The main branch of the Chicago Public Library boasts nine floors of books, computer labs, meeting rooms and more. Head up to the ninth floor to see art displayed in the library's exhibit space or view the small Harold Washington museum, where memorabilia related to the building's namesake is collected. The library also includes one of the city's first Maker Labs, where 3D printers can be used during open lab hours.
Restaurants near the Chicago St. Patrick's Day Parade route
Owner Billy Lawless nailed the gastropub with this Mag Mile hit. The whiskey list is lengthy, beer options reach beyond the basics, and wines are accompanied by clever, straightforward descriptions. The food is rich and aggressively flavorful, from the perfect-for-snacking Scotch egg to the Gage venison burger, served a juicy medium-rare and dripping with pickled onions and gouda.
Small-batch artisan cheeses are cut to order at this friendly, well-stocked wine-and-cheese shop. Menu items, like the London Calling sandwich of smoked Scottish salmon, cucumber and quark spread, are perfect for a quick lunch in one of the handful of seats on the outdoor patio, and the to-go picnic baskets (choose from cheese-, meat- and Bavarian-focused packages, among many other styles) are perfect for a Millennium Park concert.
Tucked behind the Game Room in the Chicago Athletic Association, Cherry Circle Room used to be where club members refueled. Now that it’s open to everyone, the talented kitchen turns out gorgeous dishes like shrimp cocktail with a delightful Bloody Mary-spiced cocktail sauce and a generous pâté board. A roving cocktail cart serves drinks tableside and ice cream drinks, like a grasshopper served in a milk jar, cap off the meal.
The menu at this all-day French cafe skews toward classics, like escargot and mussels and it's a lively post-work spot for drinks, like a daily shaved ice cocktail, while the excellent burger, a towering stack with two patties, thick bacon, confit onions, American cheese and Dijonnaise, is big enough for two.
Bars near the Chicago St. Patrick's Day Parade route
True to form, Brando’s Speakeasy is anything but what it seems. It’s a lounge, but conversation flows more like a neighborhood haunt. Its website promises a martini bar, but the list is mysteriously MIA (most people seem to down beer anyway). The decor and vintage posters throw it back eras, but the karaoke and late-night dance music add modern flair. While it’s not Don Vito Corleone meets Al Capone as the name might imply, Brando’s is definitely a mash-up.
If you want to see Guy perform at his own club, stop by in January when he takes over the schedules.

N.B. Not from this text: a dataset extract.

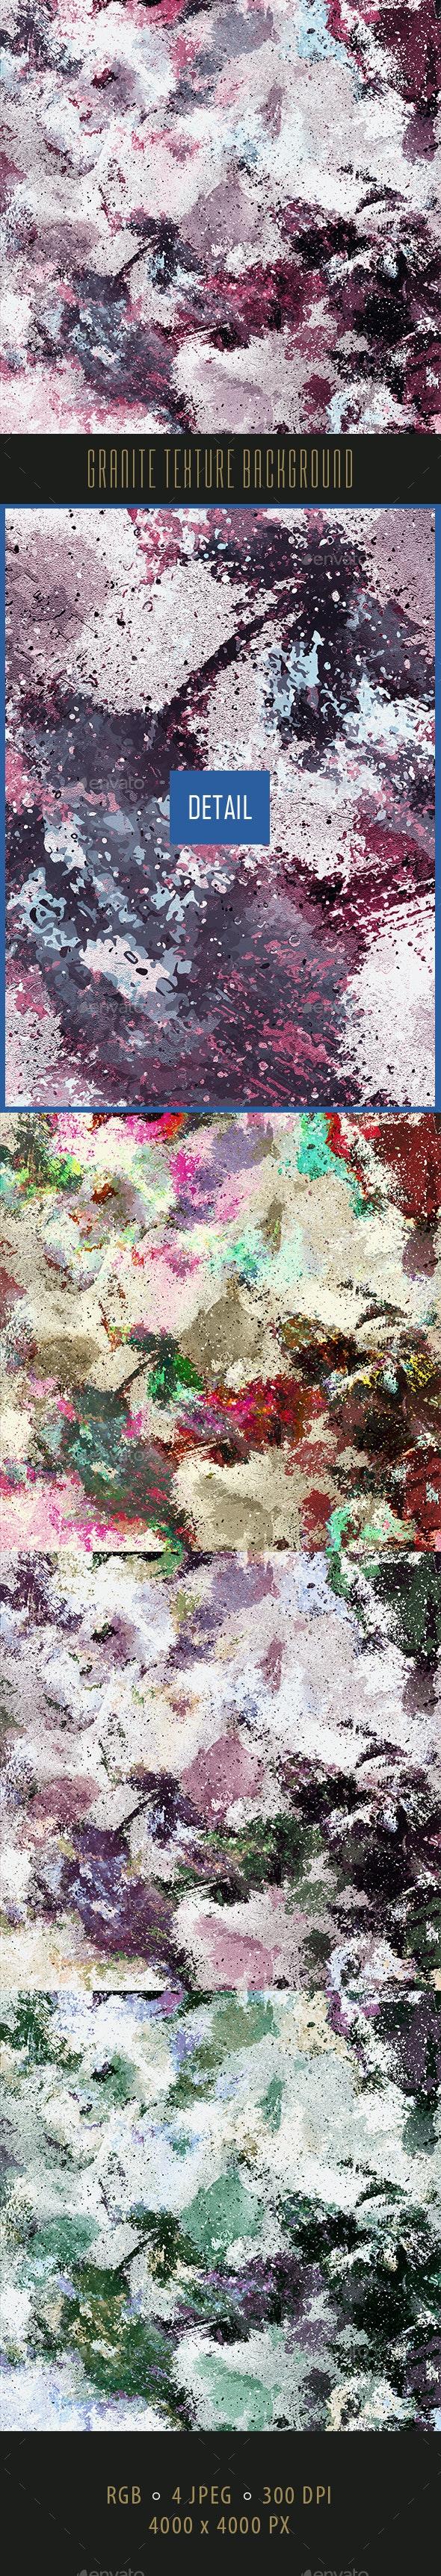 Granite Texture Background - Concrete Textures

If you show up the other 11 months of the year, you may well see him sitting at the bar, overseeing the whole operation: he’s more than just a name on the sign outside. And if you like Louisiana cuisine, the kitchen has just what you need.
Located in the Chicago Athletic Association, the sprawling bar has pool tables, a poker table, chess boards and a full bocce court, so there’s plenty to entertain you between rounds of affordable, well-made drinks from Paul McGee (Lost Lake), like a spritely sherry cobbler and a bracing rum-amaro highball. Snacks from Peter Coenen are fair-inspired, and include a warm pretzel with gooey beer cheese and a root beer float spiked with Fernet.
The rooftop restaurant and bar at the Chicago Athletic Association Hotel offers some of the best views of the city, with an expansive look at Millennium Park and the Lake. The drinks, from Nandini Khaund, are mostly balanced, and very pretty, while the American food is also mostly well-executed and comes in massive portions and is designed for sharing.